PROVIDED MATERIAL —
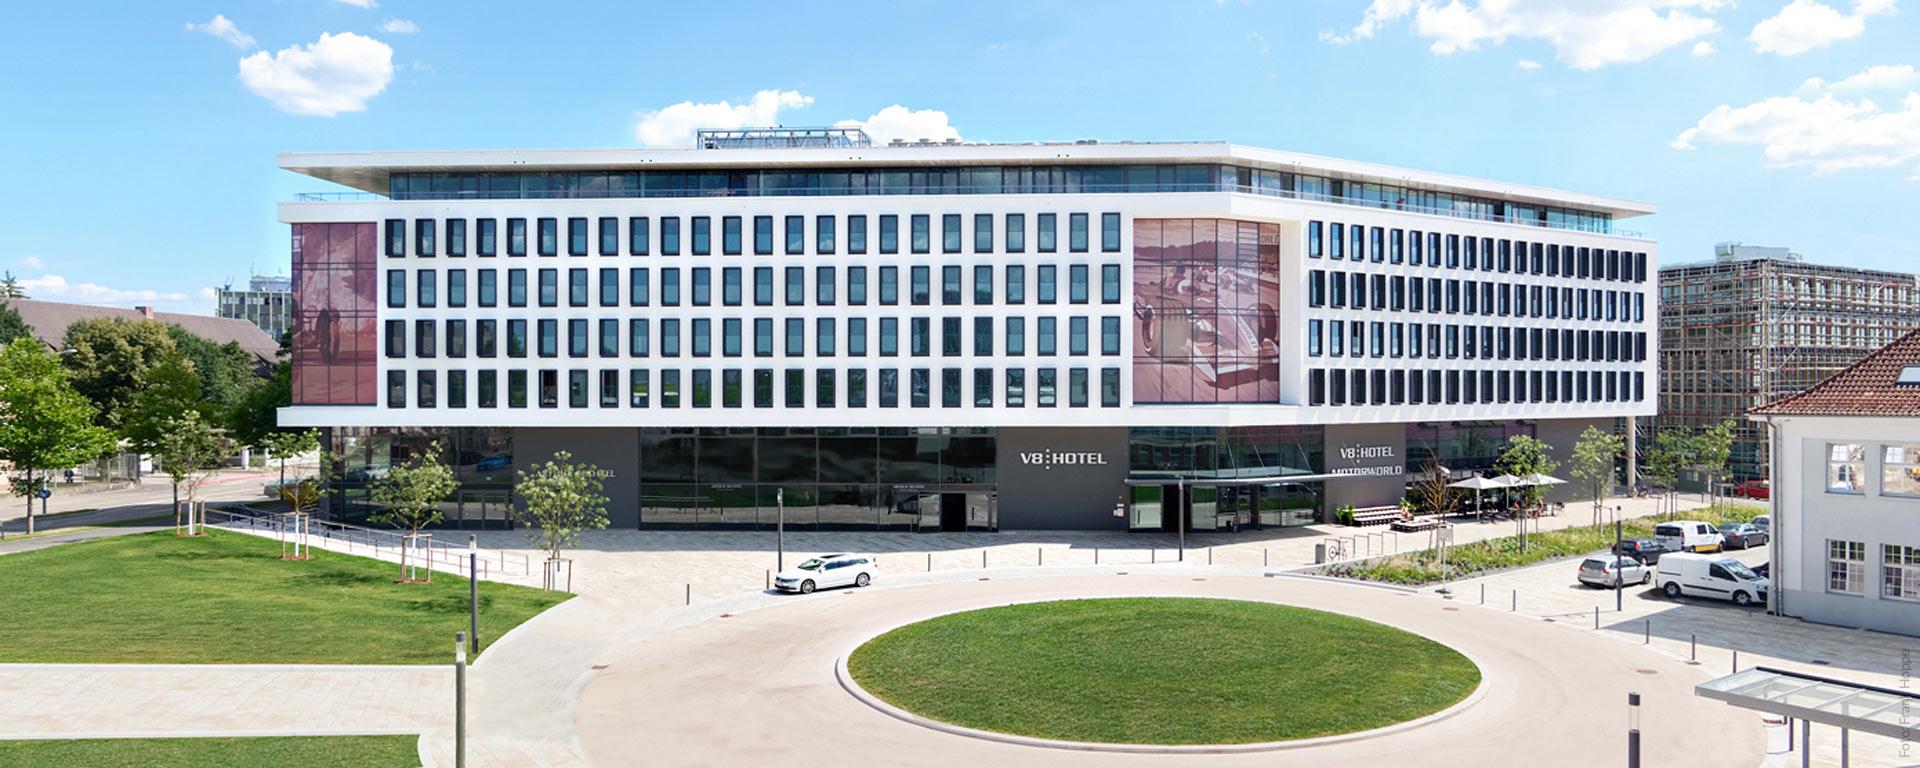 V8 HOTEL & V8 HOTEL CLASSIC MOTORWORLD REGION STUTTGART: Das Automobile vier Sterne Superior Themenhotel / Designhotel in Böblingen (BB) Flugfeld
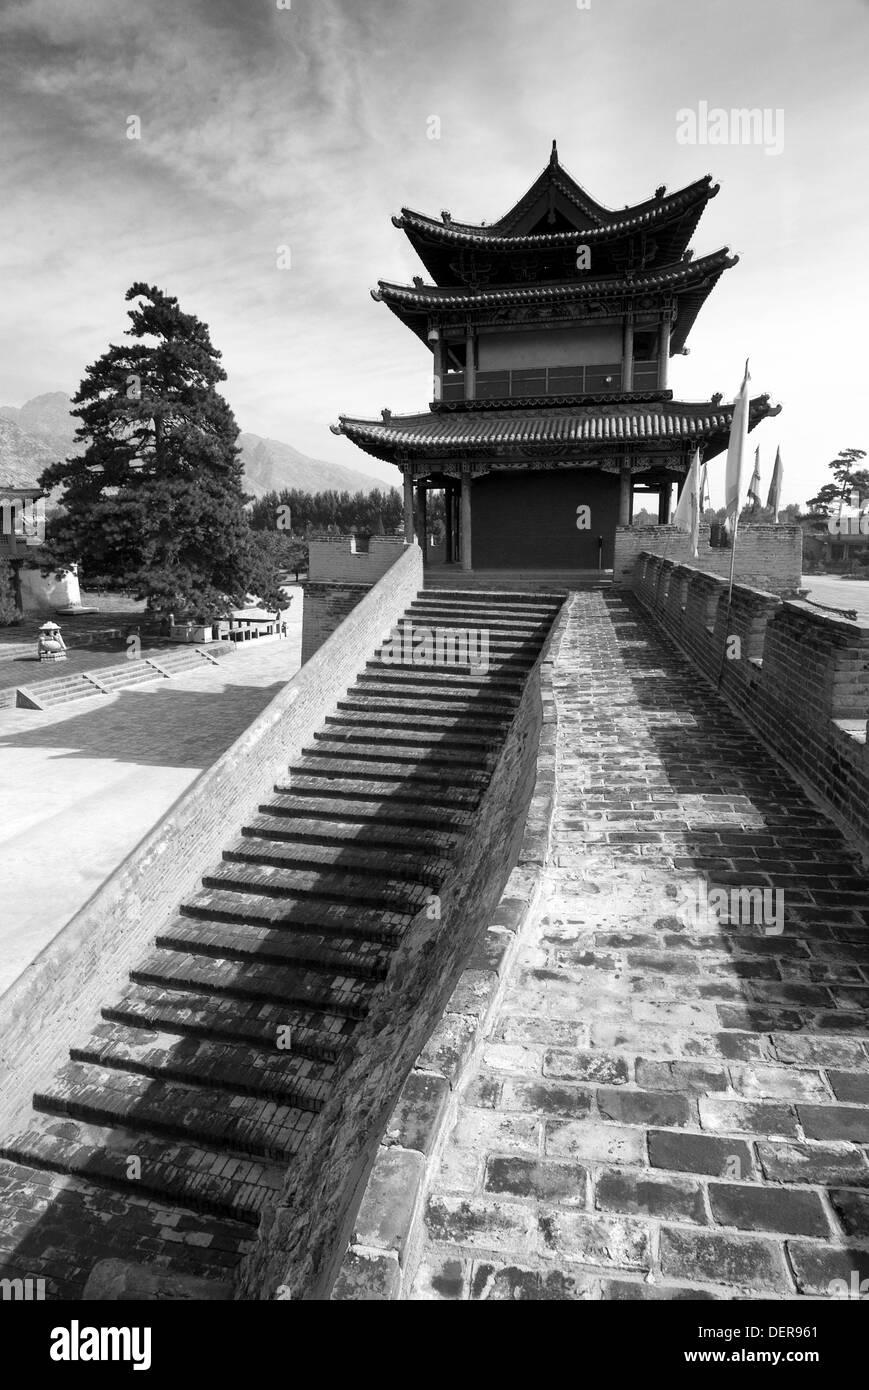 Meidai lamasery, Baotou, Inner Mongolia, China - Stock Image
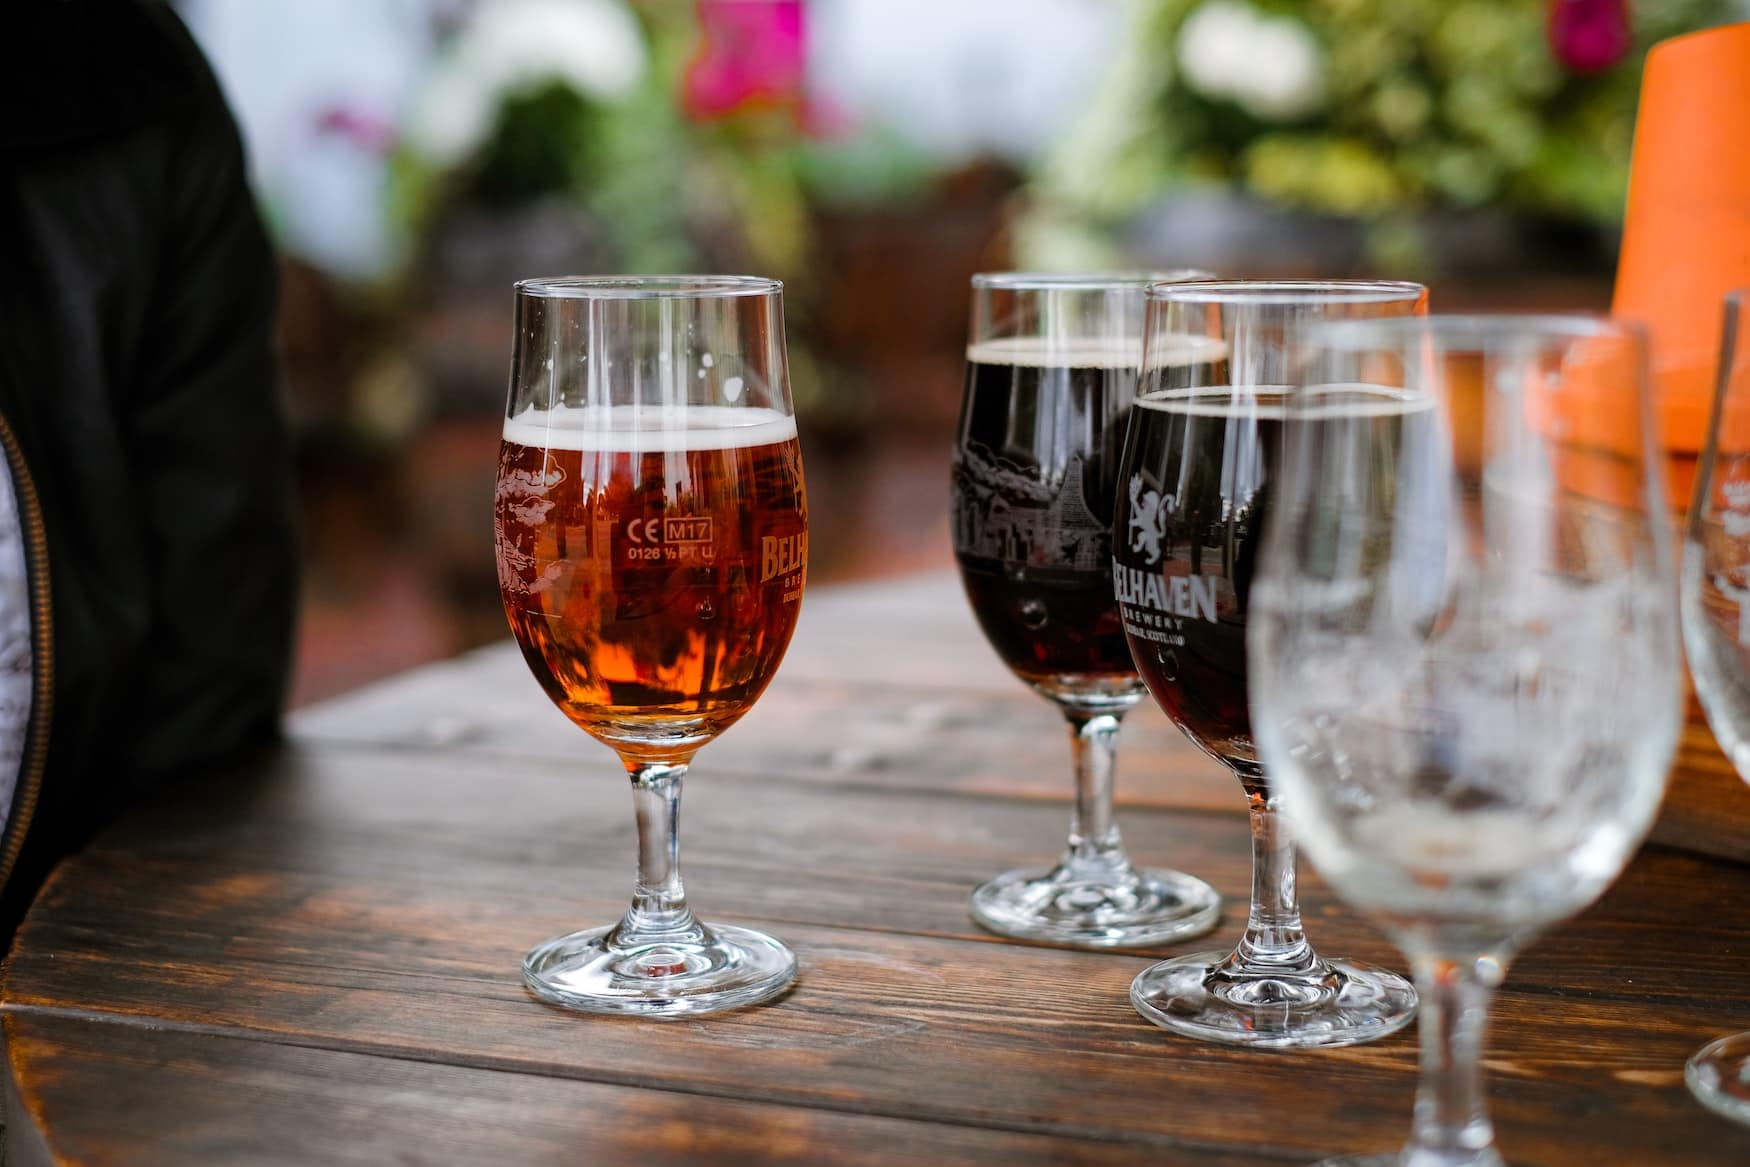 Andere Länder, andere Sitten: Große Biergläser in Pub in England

PROBLEM — Leave the pictures out and output all of the data verbatim.

COMPLETED EXERCISE —
 V8 HOTEL & V8 HOTEL CLASSIC MOTORWORLD REGION STUTTGART: Das Automobile vier Sterne Superior Themenhotel / Designhotel in Böblingen (BB) Flugfeld
 Meidai lamasery, Baotou, Inner Mongolia, China - Stock Image
 Andere Länder, andere Sitten: Große Biergläser in Pub in England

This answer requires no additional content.